Azriana melihat salah satu argumen yang disampaikan pemohon untuk memperluas pasal 284 KUHP yakni mau mengurangi prostitusi dan jumlah perempuan hamil diluar nikah dan ditelantarkan. Zina yang diinginkan pemohon untuk diatur dalam KUHP itu sebagaimana zina dalam konteks pemahaman agama.

Menurut Azriana itu pandangan yang keliru karena melihat zina sama seperti kekerasan seksual, padahal keduanya berbeda. Komnas Perempuan menilai menghindari tanggungjawab untuk menikahi perempuan yang telah dihamili termasuk kekerasan seksual. Begitu juga dengan prostitusi.

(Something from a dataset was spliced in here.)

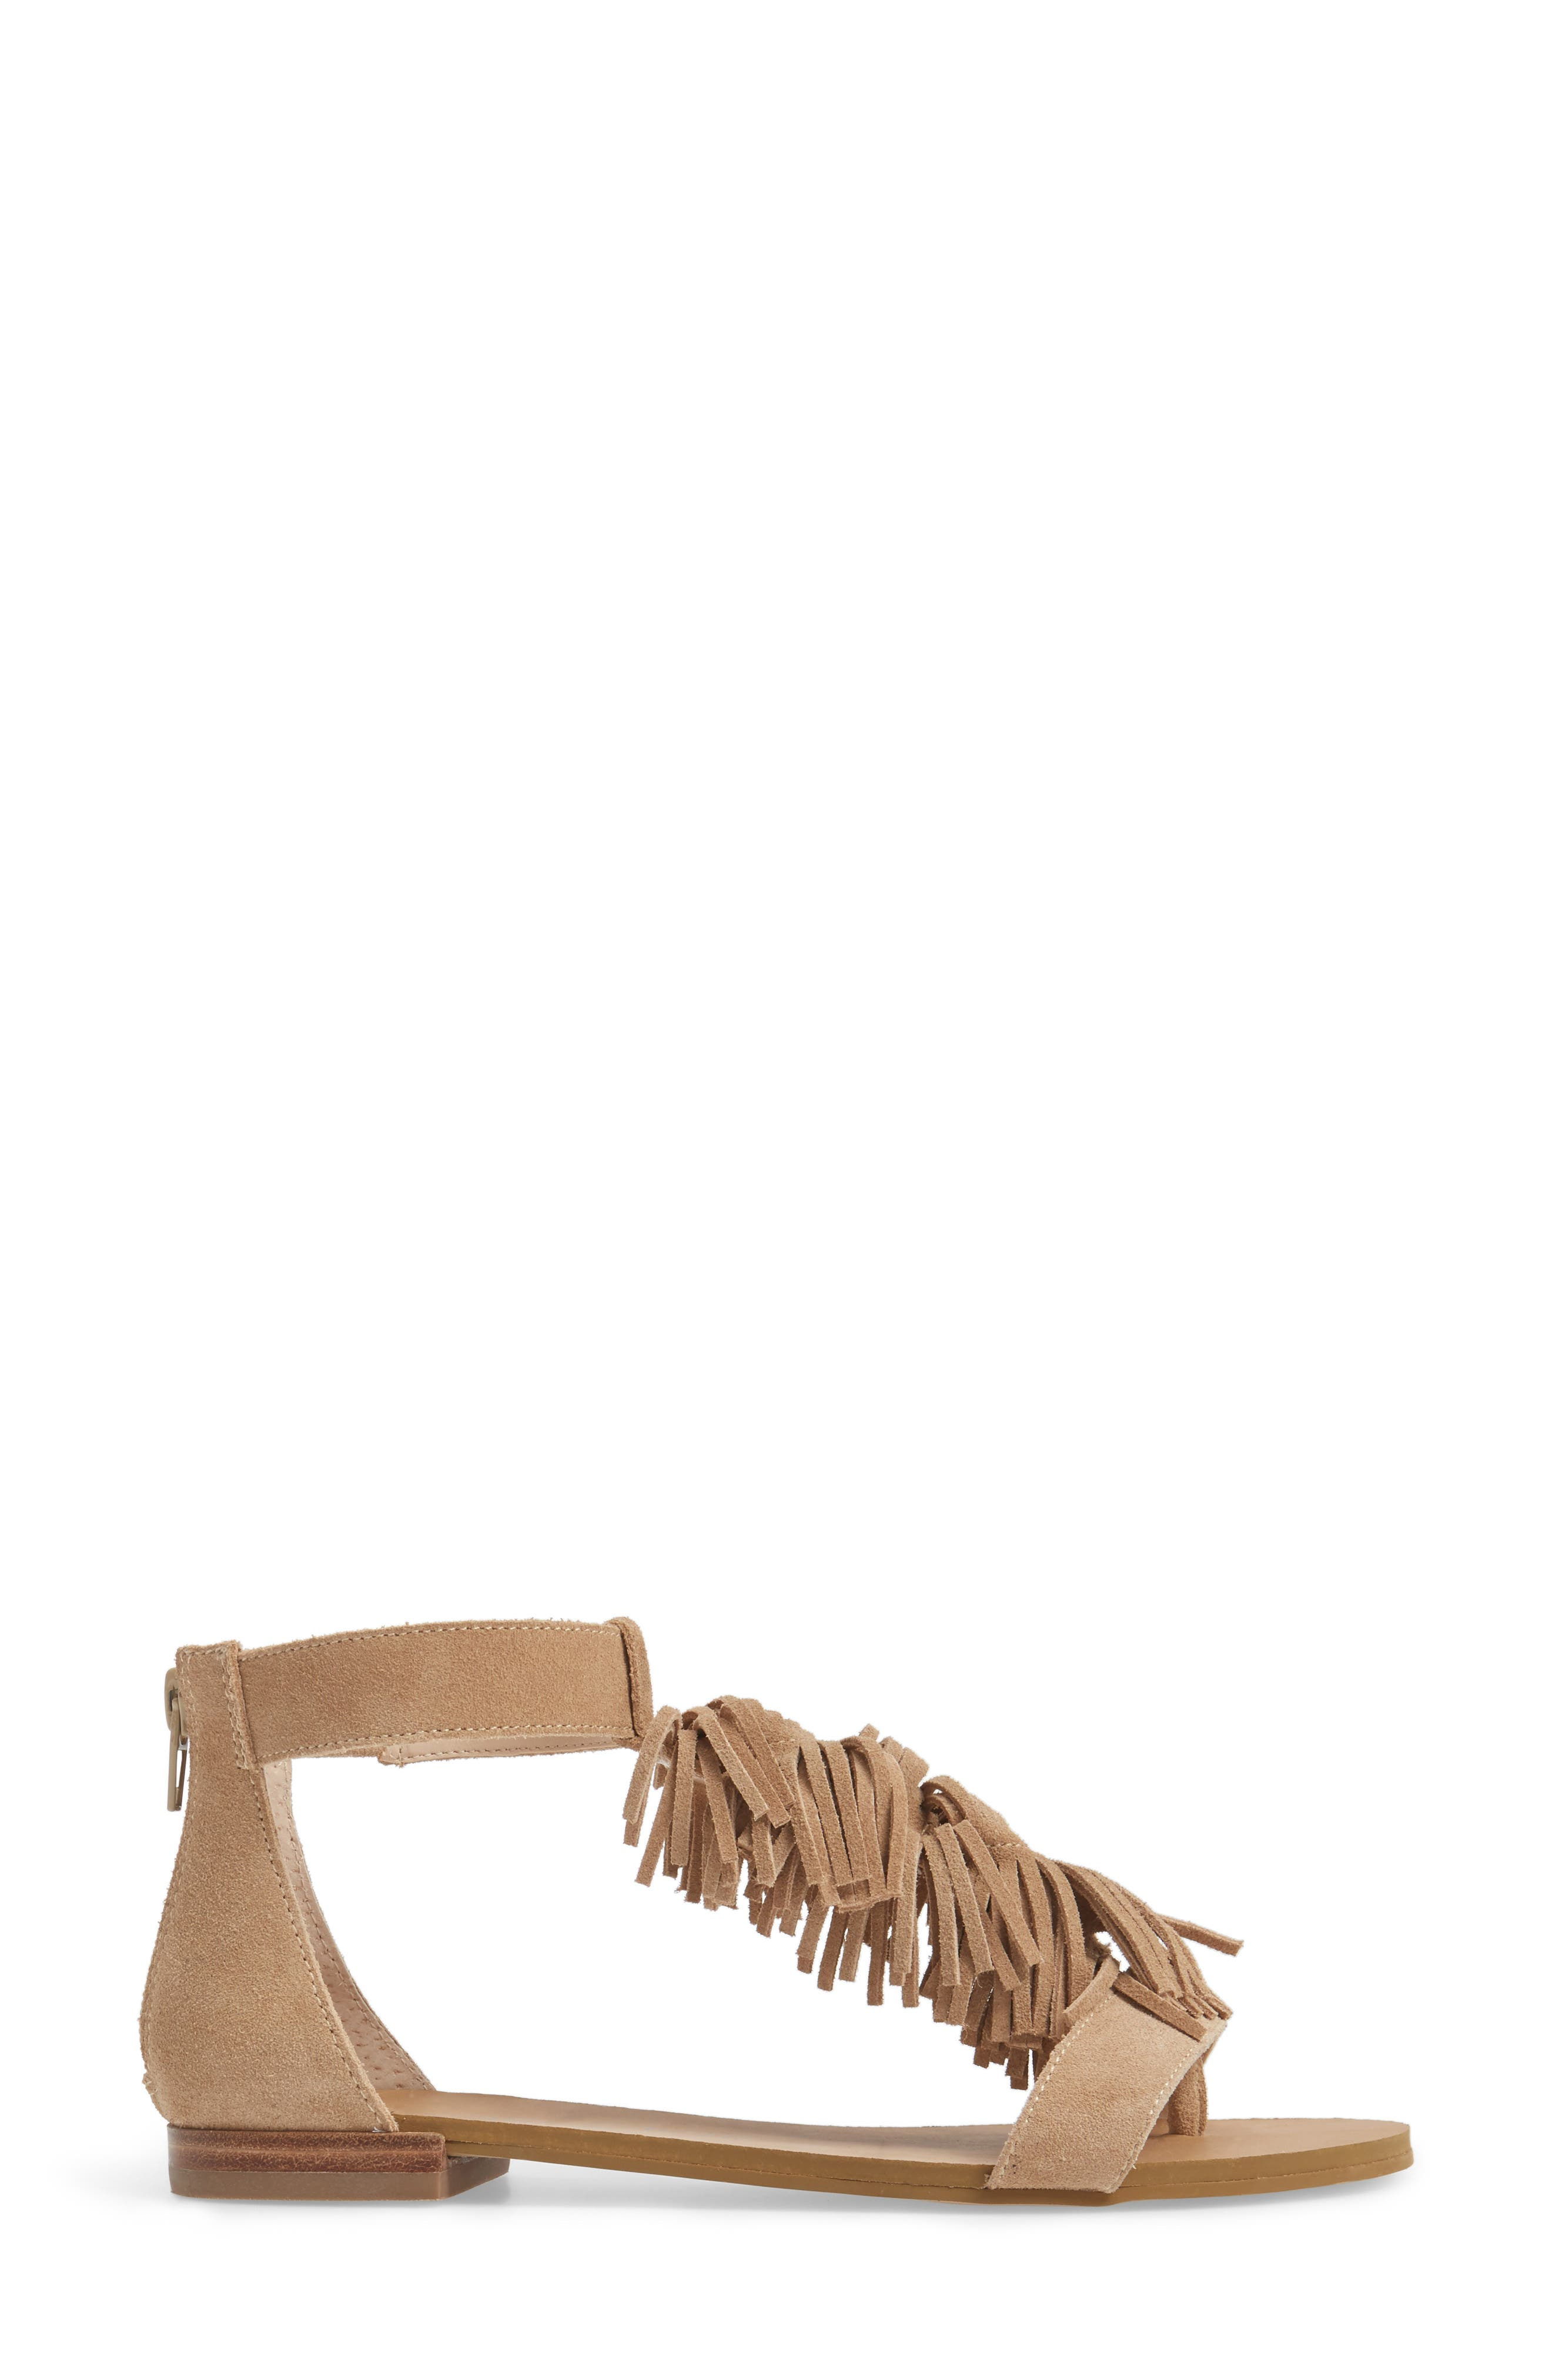 ,                             Koa Fringed T-Strap Sandal,                             Alternate thumbnail 3, color,                             200

Untuk mengatasi masalah itu Azriana berpendapat harus dilakukan secara komprehensif, bukan dengan memperluas pasal 284 KUHP. Untuk itu Komnas Perempuan mendorong pemerintah dan DPR untuk membahas sekaligus menerbitkan RUU Penghapusan Kekerasan Seksual.

Penggunaan pasal 284 KUHP untuk tindakan eksploitasi seksual hanya akan menghukum korban dan memberi ruang pelaku menggunakan pola yang sama untuk melakukan tindakan serupa kedepan.

Wakil Ketua Komnas Perempuan, Yuniyanti Chuzaifah, khawatir kriminalisasi akan marak terjadi jika perluasan pasal kesusilaan dikabulkan MK. Padahal, banyak perkawinan yang statusnya belum tercatat sehingga dianggap tidak sah di hadapan negara. Mereka bisa dipidana karena dianggap melakukan zina. Perempuan akan menjadi korban karena bukti zina ada di tubuh perempuan (jika ia hamil). “Jika ini dikabulkan yang potensial dihukum karena zina ini kaum perempuan,” urainya.

Di tengah sistem hukum di Indonesia yang masih rapuh, Yuniyanti khawatir yang nanti dikriminalkan adalah orang yang tidak punya akses. Jika itu terjadi maka pelaku zina yang punya kemampuan ekonomi bisa lepas dari jerat hukum.